Write out each entry, exactly the way it appears.

[Dataset excerpts]
• • •
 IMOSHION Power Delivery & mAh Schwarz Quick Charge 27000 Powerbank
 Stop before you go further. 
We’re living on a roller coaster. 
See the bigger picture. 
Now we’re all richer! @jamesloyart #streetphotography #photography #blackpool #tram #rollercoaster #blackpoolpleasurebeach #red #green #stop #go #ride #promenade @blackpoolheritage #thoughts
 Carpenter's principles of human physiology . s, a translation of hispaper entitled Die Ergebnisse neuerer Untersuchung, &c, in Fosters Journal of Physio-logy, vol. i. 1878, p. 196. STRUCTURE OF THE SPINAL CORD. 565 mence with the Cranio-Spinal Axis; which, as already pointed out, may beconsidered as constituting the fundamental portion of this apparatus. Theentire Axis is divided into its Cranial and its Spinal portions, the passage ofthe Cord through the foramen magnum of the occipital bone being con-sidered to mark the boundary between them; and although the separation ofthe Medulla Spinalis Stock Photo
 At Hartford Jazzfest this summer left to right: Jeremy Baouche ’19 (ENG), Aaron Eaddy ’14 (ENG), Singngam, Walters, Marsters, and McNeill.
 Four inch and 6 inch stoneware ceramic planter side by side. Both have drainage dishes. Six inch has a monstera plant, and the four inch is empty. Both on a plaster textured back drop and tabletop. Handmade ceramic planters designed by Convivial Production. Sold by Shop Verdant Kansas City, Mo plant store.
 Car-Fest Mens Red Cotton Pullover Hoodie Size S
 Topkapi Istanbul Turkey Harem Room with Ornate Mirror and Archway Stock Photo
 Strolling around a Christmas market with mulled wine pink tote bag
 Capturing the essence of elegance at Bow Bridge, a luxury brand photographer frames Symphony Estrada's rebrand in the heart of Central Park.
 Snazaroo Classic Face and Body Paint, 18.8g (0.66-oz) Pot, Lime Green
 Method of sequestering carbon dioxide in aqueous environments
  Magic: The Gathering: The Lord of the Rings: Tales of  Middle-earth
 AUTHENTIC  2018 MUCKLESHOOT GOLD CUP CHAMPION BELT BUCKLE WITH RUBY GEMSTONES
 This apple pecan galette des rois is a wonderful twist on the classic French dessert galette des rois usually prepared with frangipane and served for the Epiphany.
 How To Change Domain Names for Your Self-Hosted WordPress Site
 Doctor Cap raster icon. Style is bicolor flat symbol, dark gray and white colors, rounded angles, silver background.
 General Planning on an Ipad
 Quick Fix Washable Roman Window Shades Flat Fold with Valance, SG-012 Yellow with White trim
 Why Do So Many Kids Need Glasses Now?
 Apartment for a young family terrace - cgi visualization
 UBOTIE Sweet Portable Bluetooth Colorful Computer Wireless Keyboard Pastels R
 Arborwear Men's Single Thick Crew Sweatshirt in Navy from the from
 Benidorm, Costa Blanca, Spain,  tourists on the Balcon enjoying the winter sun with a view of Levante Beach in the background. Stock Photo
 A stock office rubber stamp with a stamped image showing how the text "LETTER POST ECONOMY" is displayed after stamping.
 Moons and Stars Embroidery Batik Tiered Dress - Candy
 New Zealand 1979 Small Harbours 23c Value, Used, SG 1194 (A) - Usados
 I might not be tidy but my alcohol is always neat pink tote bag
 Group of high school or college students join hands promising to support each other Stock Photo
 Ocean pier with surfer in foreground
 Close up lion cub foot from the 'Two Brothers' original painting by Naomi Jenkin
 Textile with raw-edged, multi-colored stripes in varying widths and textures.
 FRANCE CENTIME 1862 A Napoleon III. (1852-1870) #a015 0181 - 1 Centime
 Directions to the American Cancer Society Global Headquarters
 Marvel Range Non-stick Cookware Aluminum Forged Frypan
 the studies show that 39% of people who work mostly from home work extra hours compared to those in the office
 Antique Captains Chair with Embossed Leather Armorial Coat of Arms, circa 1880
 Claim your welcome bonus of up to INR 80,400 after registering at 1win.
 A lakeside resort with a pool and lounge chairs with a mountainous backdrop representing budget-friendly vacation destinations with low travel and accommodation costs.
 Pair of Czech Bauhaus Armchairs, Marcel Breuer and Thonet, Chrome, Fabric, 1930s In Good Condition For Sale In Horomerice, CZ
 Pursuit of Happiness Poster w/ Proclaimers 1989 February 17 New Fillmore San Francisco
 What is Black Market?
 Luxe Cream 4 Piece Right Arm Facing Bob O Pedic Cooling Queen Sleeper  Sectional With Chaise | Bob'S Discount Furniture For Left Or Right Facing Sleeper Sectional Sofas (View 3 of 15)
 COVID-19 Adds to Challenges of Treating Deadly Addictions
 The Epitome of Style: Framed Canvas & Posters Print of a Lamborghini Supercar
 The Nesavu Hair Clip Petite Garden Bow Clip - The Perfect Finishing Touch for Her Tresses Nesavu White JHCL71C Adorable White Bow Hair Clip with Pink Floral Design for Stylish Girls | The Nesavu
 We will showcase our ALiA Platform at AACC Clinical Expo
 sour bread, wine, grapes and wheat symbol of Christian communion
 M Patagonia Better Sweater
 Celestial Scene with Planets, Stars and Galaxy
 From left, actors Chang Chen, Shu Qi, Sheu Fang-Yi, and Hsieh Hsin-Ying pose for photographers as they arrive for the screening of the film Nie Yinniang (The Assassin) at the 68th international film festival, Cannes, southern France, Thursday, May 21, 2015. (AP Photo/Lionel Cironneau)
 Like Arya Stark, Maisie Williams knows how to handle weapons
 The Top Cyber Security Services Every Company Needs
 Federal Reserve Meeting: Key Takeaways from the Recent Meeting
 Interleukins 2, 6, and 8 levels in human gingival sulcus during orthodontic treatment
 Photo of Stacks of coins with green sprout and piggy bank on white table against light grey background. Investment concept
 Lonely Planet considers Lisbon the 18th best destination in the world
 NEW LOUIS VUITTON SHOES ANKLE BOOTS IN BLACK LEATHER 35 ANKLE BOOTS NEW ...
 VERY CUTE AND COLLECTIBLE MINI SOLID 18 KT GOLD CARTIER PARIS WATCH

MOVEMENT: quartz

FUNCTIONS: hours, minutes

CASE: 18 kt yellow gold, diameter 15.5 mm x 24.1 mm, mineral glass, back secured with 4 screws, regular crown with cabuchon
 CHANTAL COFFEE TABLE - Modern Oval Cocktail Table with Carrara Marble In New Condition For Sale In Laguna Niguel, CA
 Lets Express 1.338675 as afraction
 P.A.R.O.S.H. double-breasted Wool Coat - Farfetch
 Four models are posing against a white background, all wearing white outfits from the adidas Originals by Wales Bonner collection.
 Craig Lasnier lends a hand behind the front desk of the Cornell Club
• • •
▸ Response:
 IMOSHION Power Delivery & mAh Schwarz Quick Charge 27000 Powerbank
 Stop before you go further. 
We’re living on a roller coaster. 
See the bigger picture. 
Now we’re all richer! @jamesloyart #streetphotography #photography #blackpool #tram #rollercoaster #blackpoolpleasurebeach #red #green #stop #go #ride #promenade @blackpoolheritage #thoughts
 Carpenter's principles of human physiology . s, a translation of hispaper entitled Die Ergebnisse neuerer Untersuchung, &c, in Fosters Journal of Physio-logy, vol. i. 1878, p. 196. STRUCTURE OF THE SPINAL CORD. 565 mence with the Cranio-Spinal Axis; which, as already pointed out, may beconsidered as constituting the fundamental portion of this apparatus. Theentire Axis is divided into its Cranial and its Spinal portions, the passage ofthe Cord through the foramen magnum of the occipital bone being con-sidered to mark the boundary between them; and although the separation ofthe Medulla Spinalis Stock Photo
 At Hartford Jazzfest this summer left to right: Jeremy Baouche ’19 (ENG), Aaron Eaddy ’14 (ENG), Singngam, Walters, Marsters, and McNeill.
 Four inch and 6 inch stoneware ceramic planter side by side. Both have drainage dishes. Six inch has a monstera plant, and the four inch is empty. Both on a plaster textured back drop and tabletop. Handmade ceramic planters designed by Convivial Production. Sold by Shop Verdant Kansas City, Mo plant store.
 Car-Fest Mens Red Cotton Pullover Hoodie Size S
 Topkapi Istanbul Turkey Harem Room with Ornate Mirror and Archway Stock Photo
 Strolling around a Christmas market with mulled wine pink tote bag
 Capturing the essence of elegance at Bow Bridge, a luxury brand photographer frames Symphony Estrada's rebrand in the heart of Central Park.
 Snazaroo Classic Face and Body Paint, 18.8g (0.66-oz) Pot, Lime Green
 Method of sequestering carbon dioxide in aqueous environments
  Magic: The Gathering: The Lord of the Rings: Tales of  Middle-earth
 AUTHENTIC  2018 MUCKLESHOOT GOLD CUP CHAMPION BELT BUCKLE WITH RUBY GEMSTONES
 This apple pecan galette des rois is a wonderful twist on the classic French dessert galette des rois usually prepared with frangipane and served for the Epiphany.
 How To Change Domain Names for Your Self-Hosted WordPress Site
 Doctor Cap raster icon. Style is bicolor flat symbol, dark gray and white colors, rounded angles, silver background.
 General Planning on an Ipad
 Quick Fix Washable Roman Window Shades Flat Fold with Valance, SG-012 Yellow with White trim
 Why Do So Many Kids Need Glasses Now?
 Apartment for a young family terrace - cgi visualization
 UBOTIE Sweet Portable Bluetooth Colorful Computer Wireless Keyboard Pastels R
 Arborwear Men's Single Thick Crew Sweatshirt in Navy from the from
 Benidorm, Costa Blanca, Spain,  tourists on the Balcon enjoying the winter sun with a view of Levante Beach in the background. Stock Photo
 A stock office rubber stamp with a stamped image showing how the text "LETTER POST ECONOMY" is displayed after stamping.
 Moons and Stars Embroidery Batik Tiered Dress - Candy
 New Zealand 1979 Small Harbours 23c Value, Used, SG 1194 (A) - Usados
 I might not be tidy but my alcohol is always neat pink tote bag
 Group of high school or college students join hands promising to support each other Stock Photo
 Ocean pier with surfer in foreground
 Close up lion cub foot from the 'Two Brothers' original painting by Naomi Jenkin
 Textile with raw-edged, multi-colored stripes in varying widths and textures.
 FRANCE CENTIME 1862 A Napoleon III. (1852-1870) #a015 0181 - 1 Centime
 Directions to the American Cancer Society Global Headquarters
 Marvel Range Non-stick Cookware Aluminum Forged Frypan
 the studies show that 39% of people who work mostly from home work extra hours compared to those in the office
 Antique Captains Chair with Embossed Leather Armorial Coat of Arms, circa 1880
 Claim your welcome bonus of up to INR 80,400 after registering at 1win.
 A lakeside resort with a pool and lounge chairs with a mountainous backdrop representing budget-friendly vacation destinations with low travel and accommodation costs.
 Pair of Czech Bauhaus Armchairs, Marcel Breuer and Thonet, Chrome, Fabric, 1930s In Good Condition For Sale In Horomerice, CZ
 Pursuit of Happiness Poster w/ Proclaimers 1989 February 17 New Fillmore San Francisco
 What is Black Market?
 Luxe Cream 4 Piece Right Arm Facing Bob O Pedic Cooling Queen Sleeper  Sectional With Chaise | Bob'S Discount Furniture For Left Or Right Facing Sleeper Sectional Sofas (View 3 of 15)
 COVID-19 Adds to Challenges of Treating Deadly Addictions
 The Epitome of Style: Framed Canvas & Posters Print of a Lamborghini Supercar
 The Nesavu Hair Clip Petite Garden Bow Clip - The Perfect Finishing Touch for Her Tresses Nesavu White JHCL71C Adorable White Bow Hair Clip with Pink Floral Design for Stylish Girls | The Nesavu
 We will showcase our ALiA Platform at AACC Clinical Expo
 sour bread, wine, grapes and wheat symbol of Christian communion
 M Patagonia Better Sweater
 Celestial Scene with Planets, Stars and Galaxy
 From left, actors Chang Chen, Shu Qi, Sheu Fang-Yi, and Hsieh Hsin-Ying pose for photographers as they arrive for the screening of the film Nie Yinniang (The Assassin) at the 68th international film festival, Cannes, southern France, Thursday, May 21, 2015. (AP Photo/Lionel Cironneau)
 Like Arya Stark, Maisie Williams knows how to handle weapons
 The Top Cyber Security Services Every Company Needs
 Federal Reserve Meeting: Key Takeaways from the Recent Meeting
 Interleukins 2, 6, and 8 levels in human gingival sulcus during orthodontic treatment
 Photo of Stacks of coins with green sprout and piggy bank on white table against light grey background. Investment concept
 Lonely Planet considers Lisbon the 18th best destination in the world
 NEW LOUIS VUITTON SHOES ANKLE BOOTS IN BLACK LEATHER 35 ANKLE BOOTS NEW ...
 VERY CUTE AND COLLECTIBLE MINI SOLID 18 KT GOLD CARTIER PARIS WATCH

MOVEMENT: quartz

FUNCTIONS: hours, minutes

CASE: 18 kt yellow gold, diameter 15.5 mm x 24.1 mm, mineral glass, back secured with 4 screws, regular crown with cabuchon
 CHANTAL COFFEE TABLE - Modern Oval Cocktail Table with Carrara Marble In New Condition For Sale In Laguna Niguel, CA
 Lets Express 1.338675 as afraction
 P.A.R.O.S.H. double-breasted Wool Coat - Farfetch
 Four models are posing against a white background, all wearing white outfits from the adidas Originals by Wales Bonner collection.
 Craig Lasnier lends a hand behind the front desk of the Cornell Club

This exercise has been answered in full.